WHAT NEEDS TO BE DONE
Since the pictures are not wanted, retype the listing below exactly and without them.

SUPPLIED INFORMATION

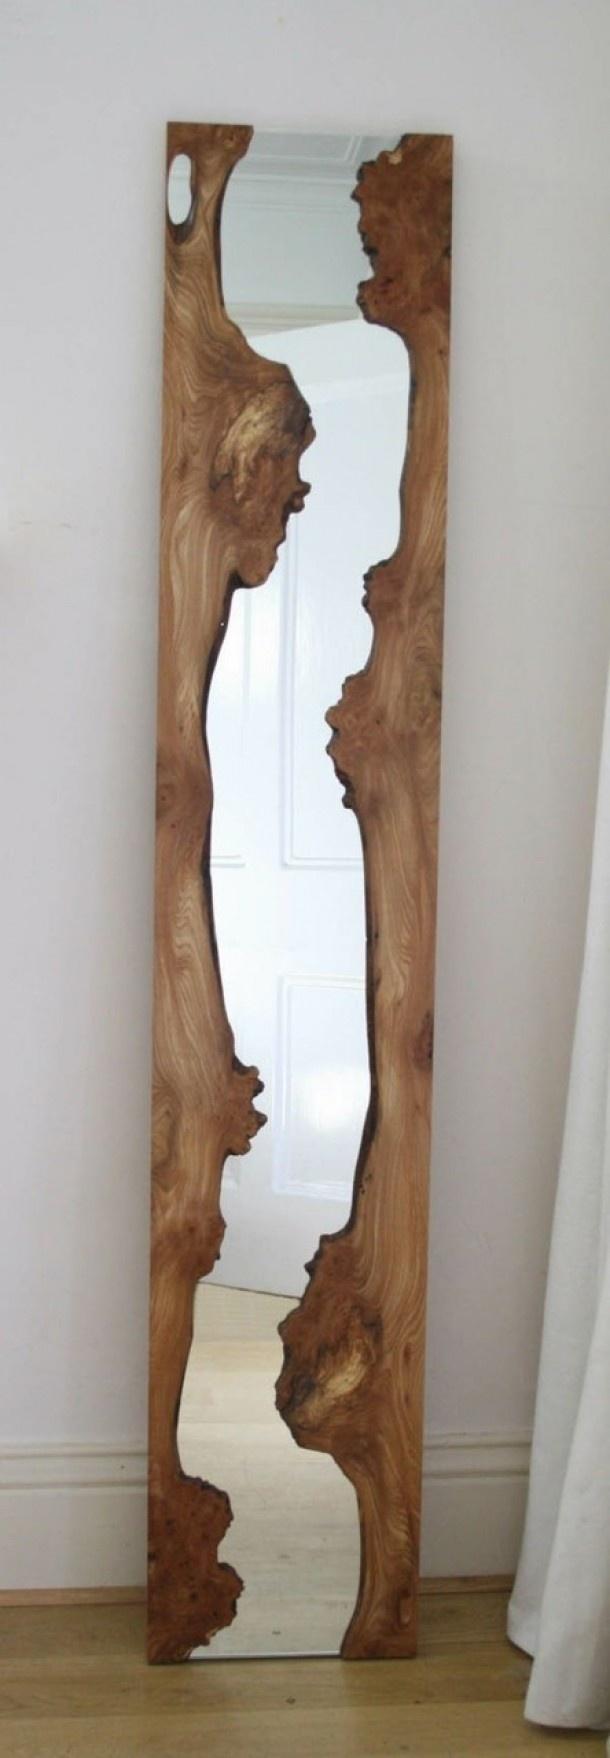 Google Afbeeldingen resultaat voor http://cdn3.welke.nl/photo/scale-610x1758-wit/spiegel-met-boomstam.1346787053-van-bertina.jpeg
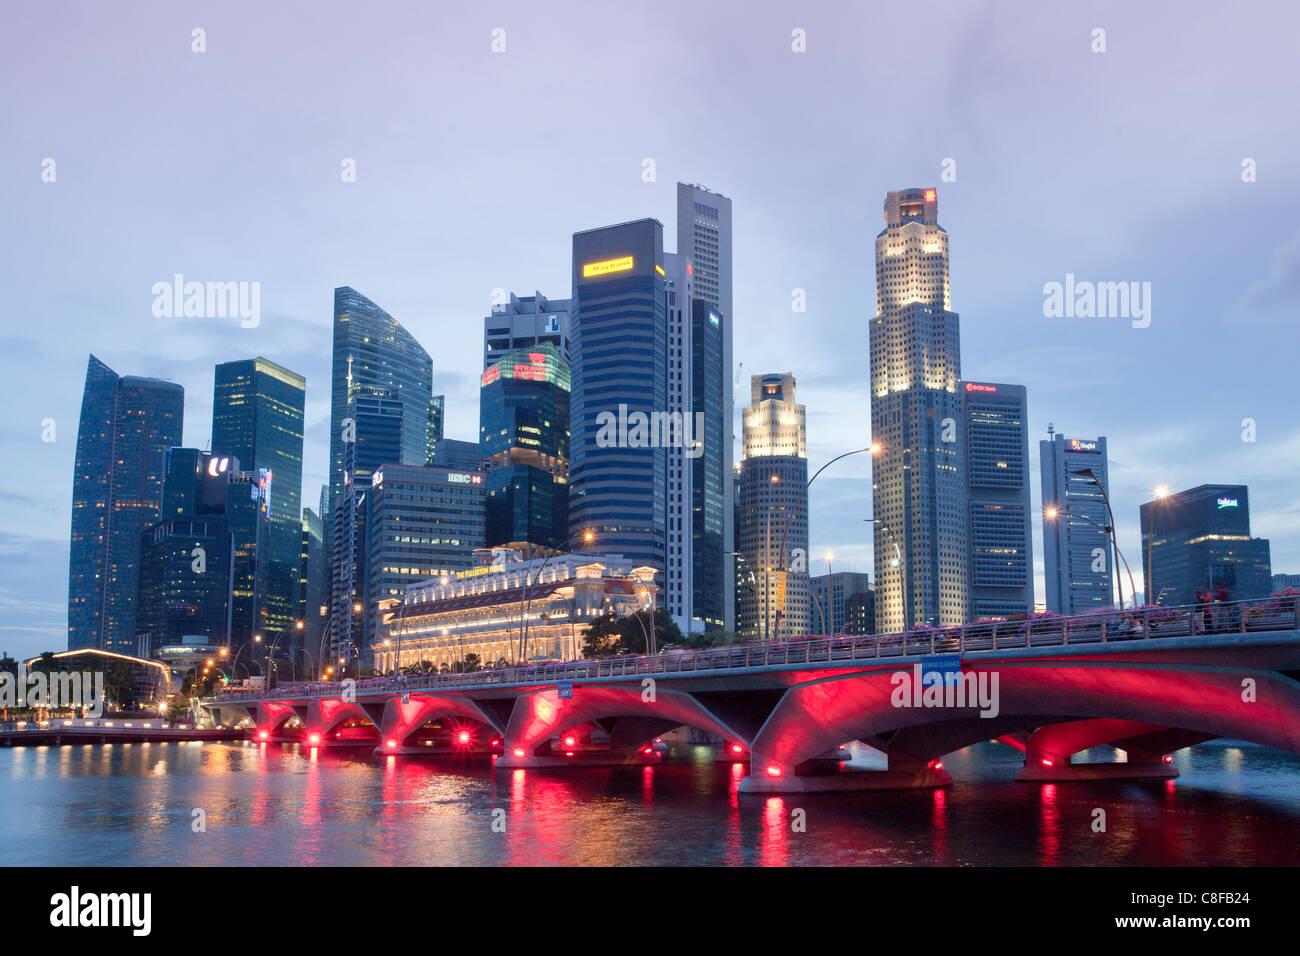 Singapur, Asia, Centro, puente, luces, iluminación, rojo, rascacielos, edificios de apartamentos, edificios Imagen De Stock
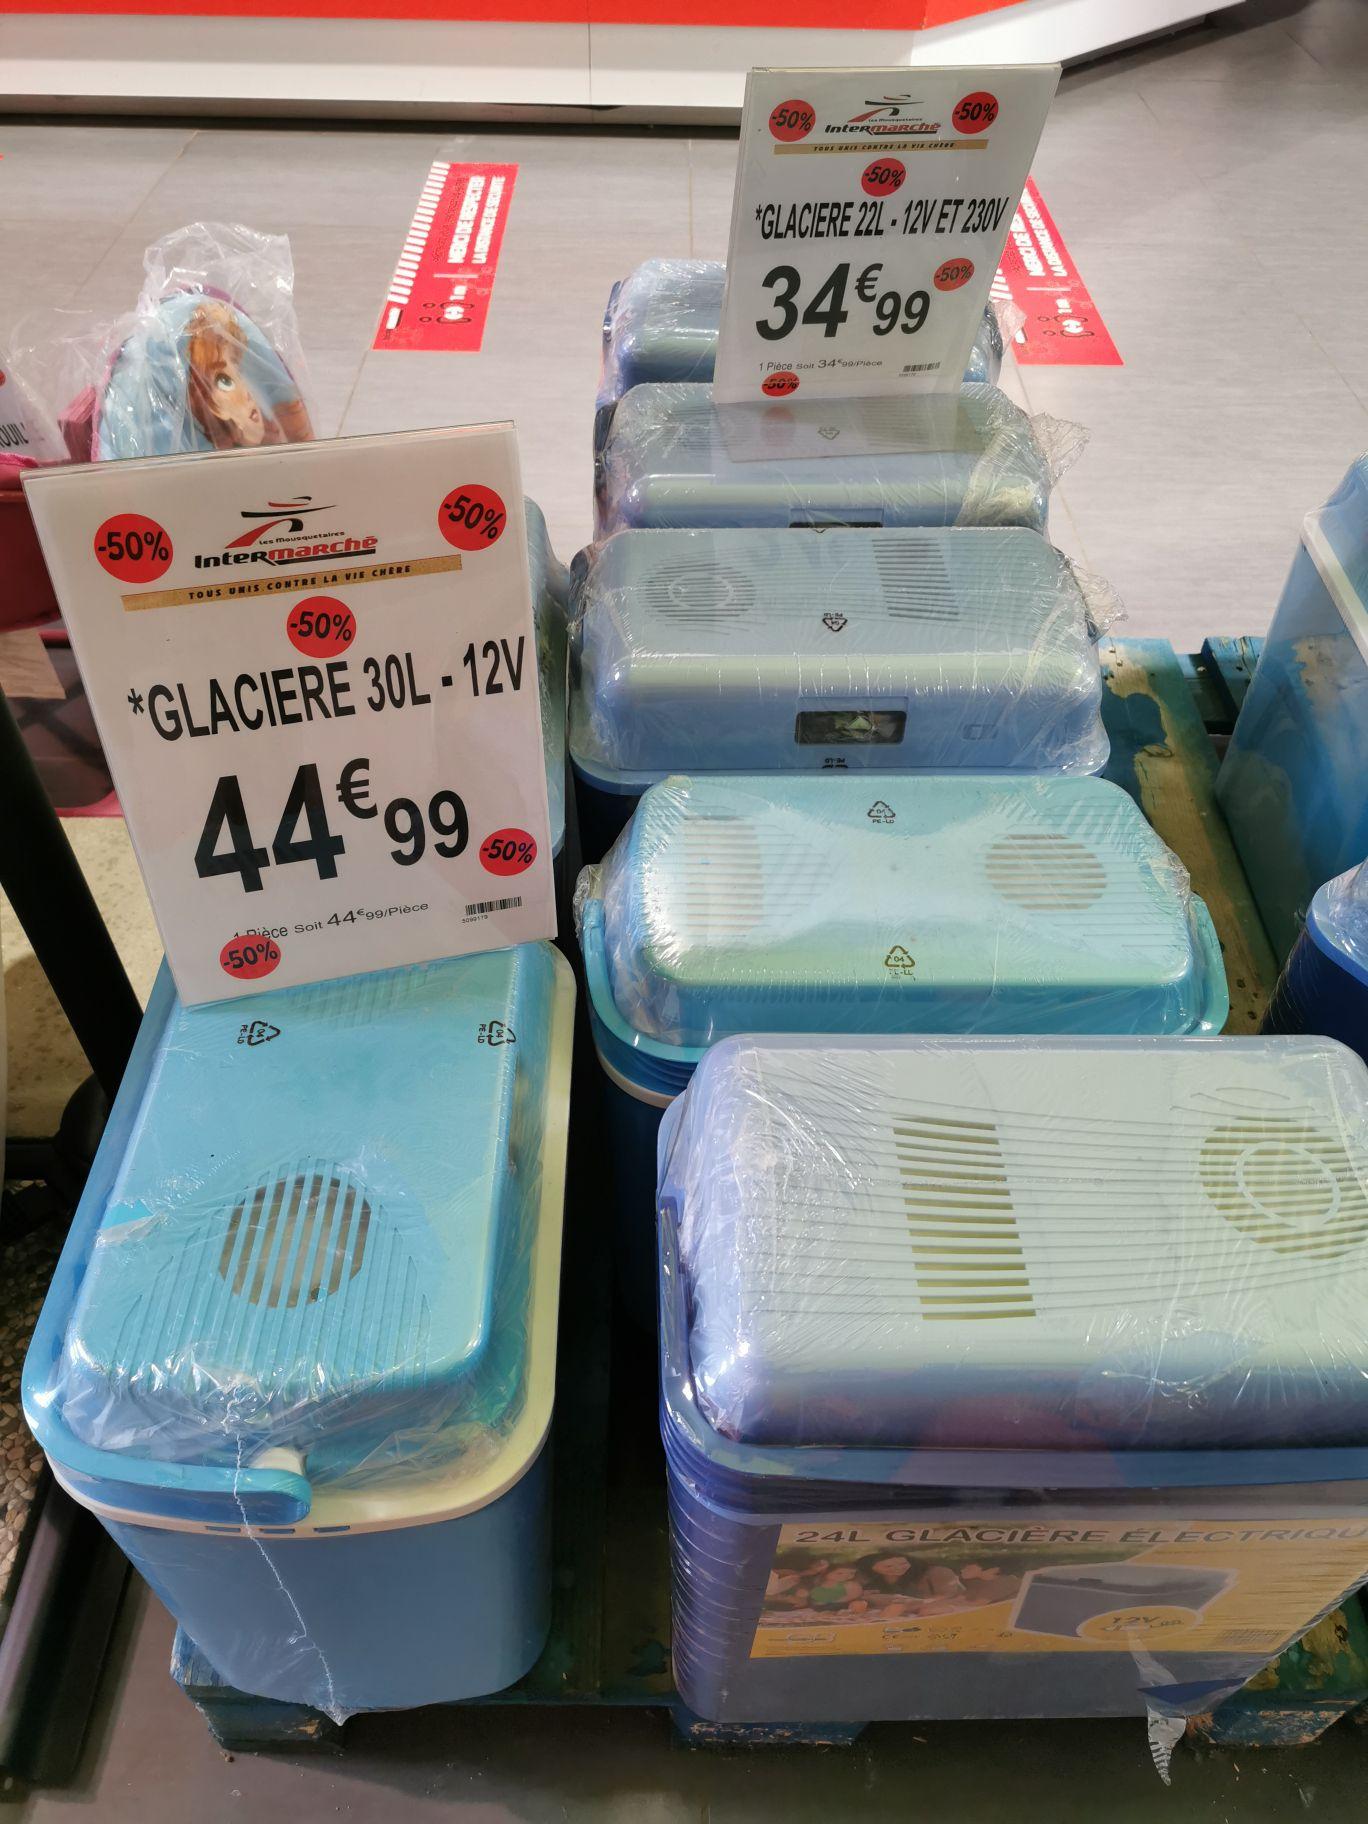 Glacières 22L à 17.49€ et 30L à à 22.49€ - Maulette (78)

FINAL ANSWER
 Google Afbeeldingen resultaat voor http://cdn3.welke.nl/photo/scale-610x1758-wit/spiegel-met-boomstam.1346787053-van-bertina.jpeg
 Singapur, Asia, Centro, puente, luces, iluminación, rojo, rascacielos, edificios de apartamentos, edificios Imagen De Stock
 Glacières 22L à 17.49€ et 30L à à 22.49€ - Maulette (78)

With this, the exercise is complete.